When it comes to marketing, relevance is everything. Everyone talks about targeted, contextual advertising, but very few channels actually deliver it. The restaurant industry, currently navigating one of its most competitive periods in recent memory, is a prime example of a space where the gap between marketing intention and execution remains wide open.
After expanding NextMe into the Chicago market, we gained meaningful insight into the challenges facing restaurant operators, investors, and brands looking to connect with diners. Here’s what we learned, and how we built around it.
The intent-to-execution gap
Restaurants are a viable target for both brands and agencies, and they also have strong potential for internal marketing. The problem isn’t ambition, it’s calibration.
Time and again, we’ve seen campaigns fall flat not because the idea was wrong, but because the incentive offered was mismatched with the effort required to receive it. Consumers are discerning, especially when food is involved. They don’t respond well to feeling low-balled, and they certainly won’t jump through hoops or opt into unwanted messages just to access an offer.
Context matters more than category
There’s also a tendency to make surface-level assumptions about restaurant audiences. A fast casual restaurant might not seem like an obvious fit for a premium brand at first glance but when you factor in cuisine type, price point, location, and customer demographics, a compelling and relevant strategy can absolutely emerge.
The takeaway: successful restaurant marketing, whether internal or cross-brand, requires real research on both sides before a campaign ever launches.
The best moment to reach a diner
Here’s the insight that shaped our product direction: the best time to reach a restaurant patron is while they’re waiting.

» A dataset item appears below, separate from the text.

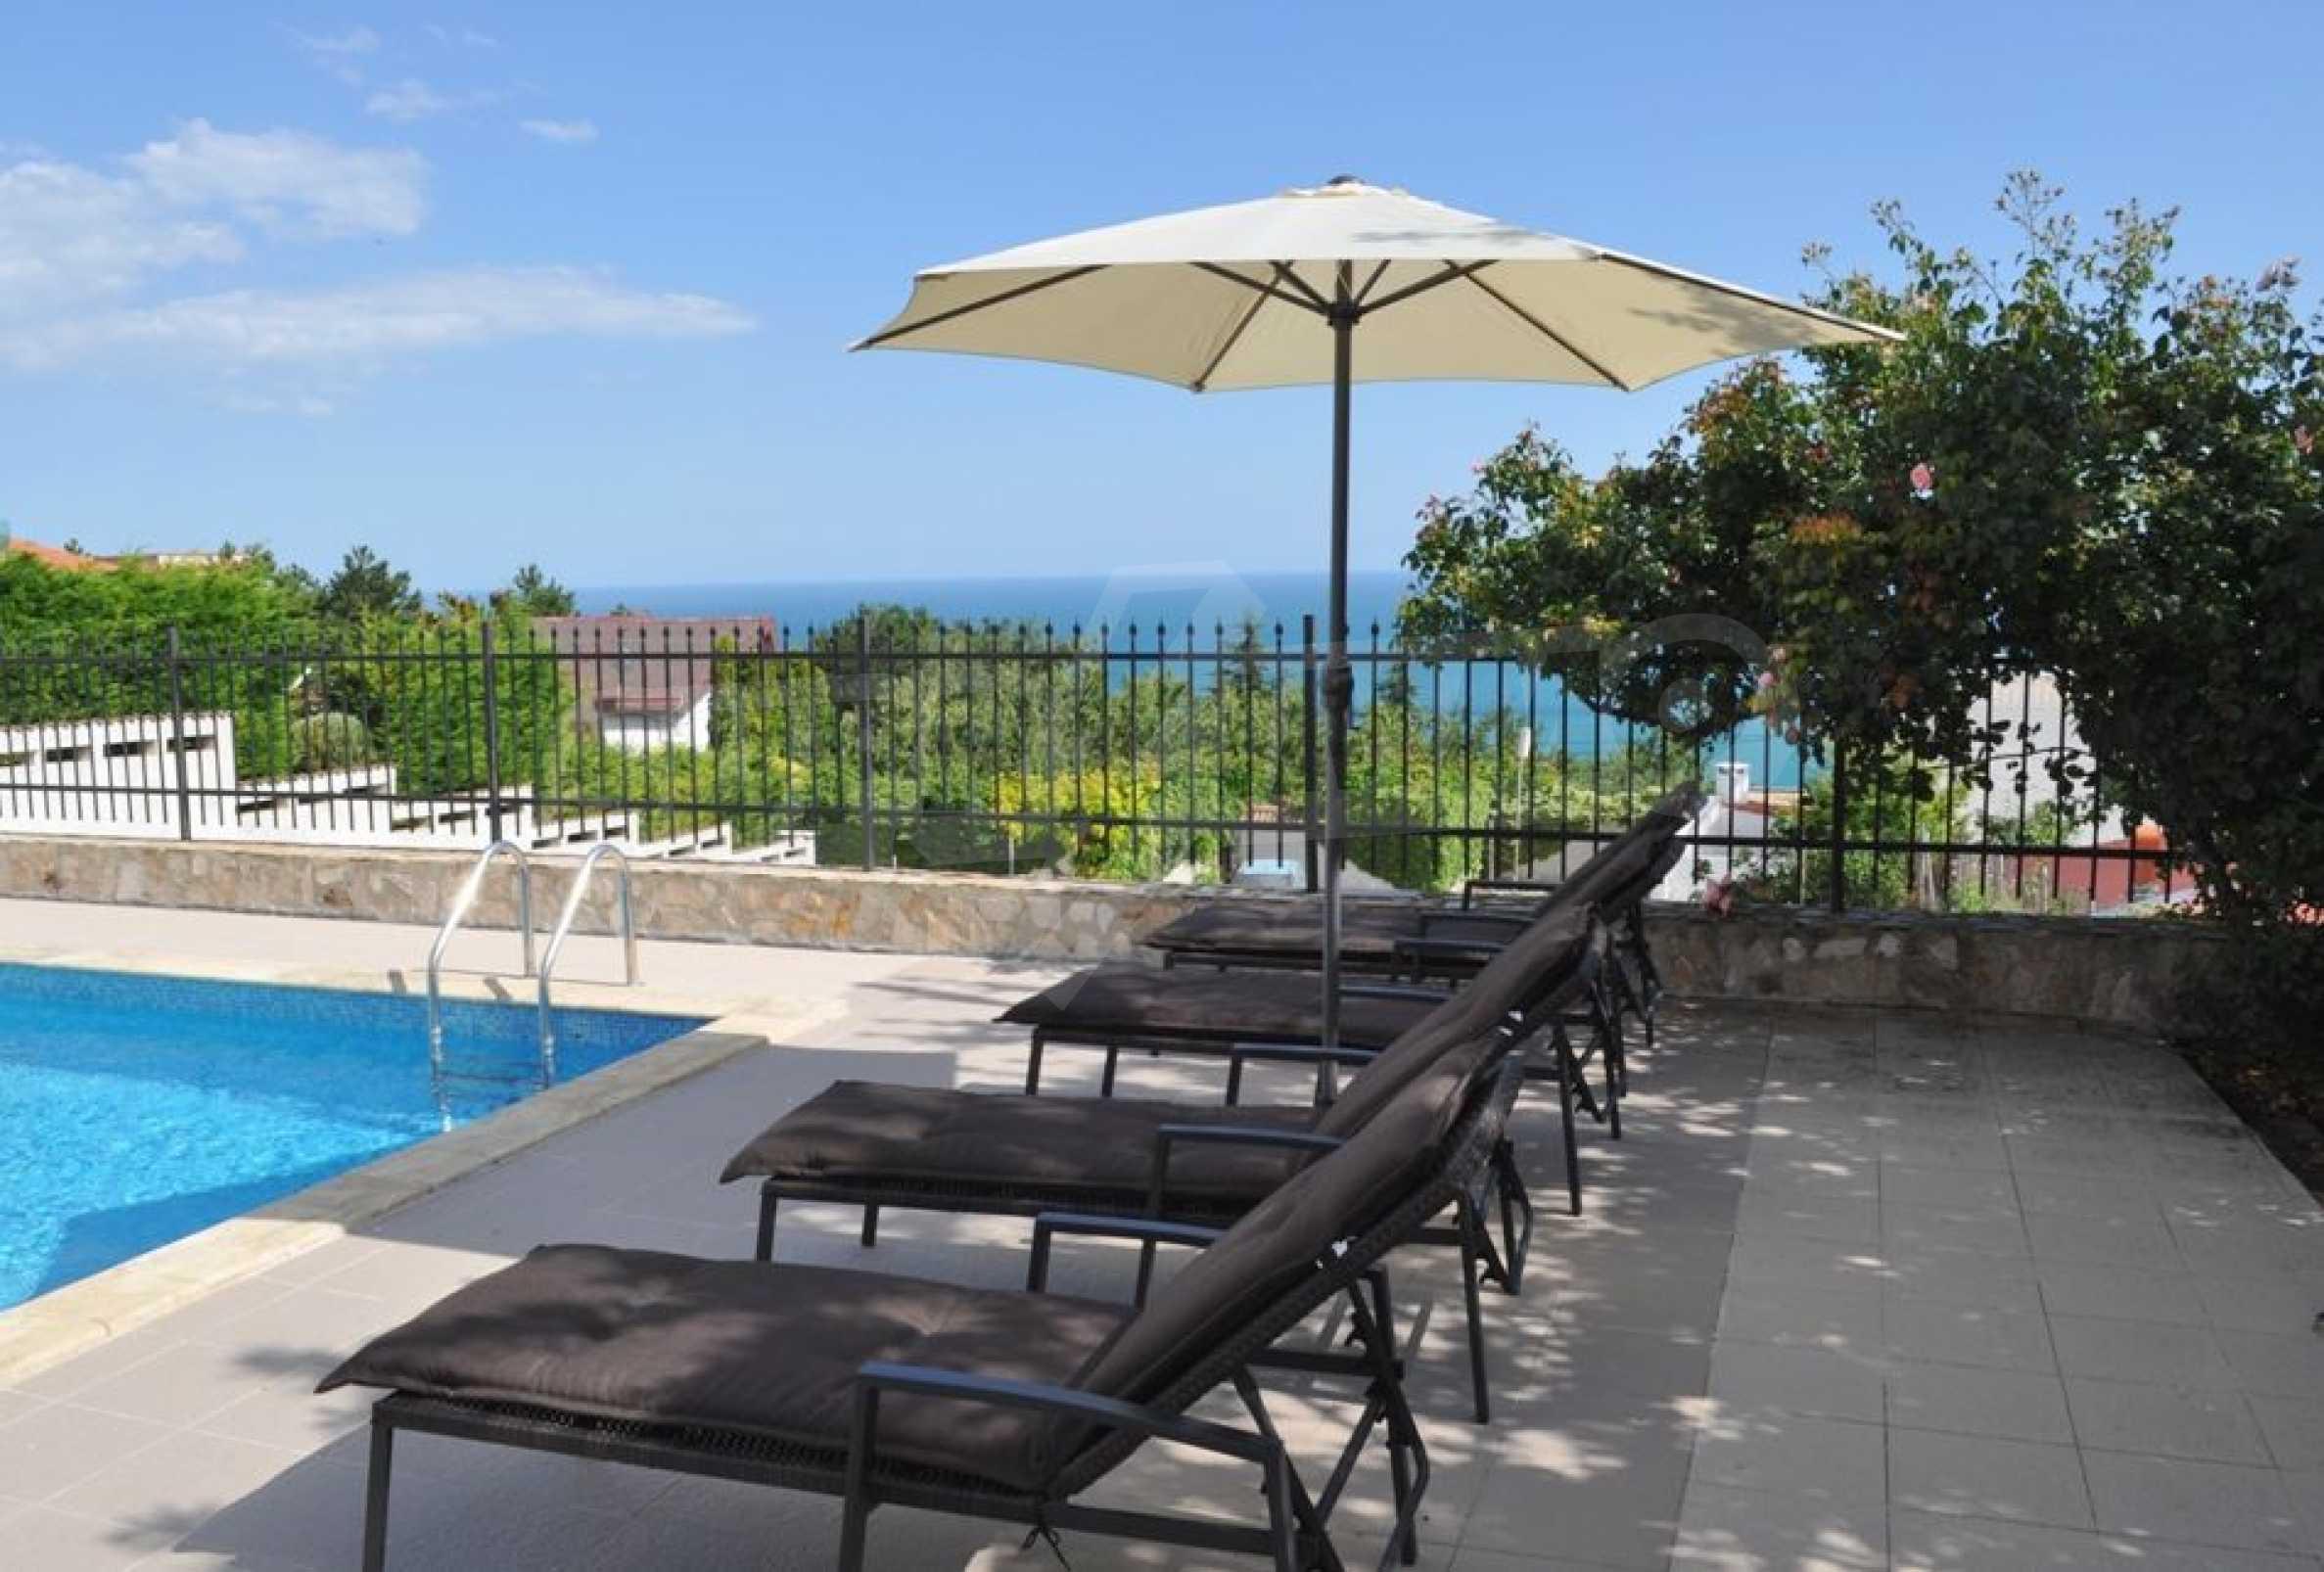 Luxusvilla mit 4 Schlafzimmern zu vermieten in der Nähe des Resorts. Albena 26

Regardless of wait time or restaurant type, there is no moment when a diner is more focused on the restaurant, its menu, and its offerings than when they’re anticipating their table. That attention is valuable and largely untapped.
How NextMe puts this into practice
NextMe was built to solve the waitlist problem and unlock this marketing moment at the same time.
When a guest arrives, a host adds them to the digital waitlist using their name and phone number. No app download required. NextMe then sends the guest a text message with a personalized link to their virtual waiting room – a page that shows their real-time position in line alongside menus, specials, partner content, and more.
This means that by the time a guest sits down, they’re already familiar with the menu, aware of current promotions, and primed to engage. For restaurants, that translates to smoother service. For brands, it’s a rare opportunity to reach an actively engaged, contextually relevant audience.
We’ve invested heavily in making NextMe’s platform simple enough for any restaurant to activate internal campaigns with ease, while also building out the infrastructure that allows brands and agencies to pursue thoughtful, well-segmented targeting across our restaurant network.
The waiting room has always been wasted space. We think it’s time to change that.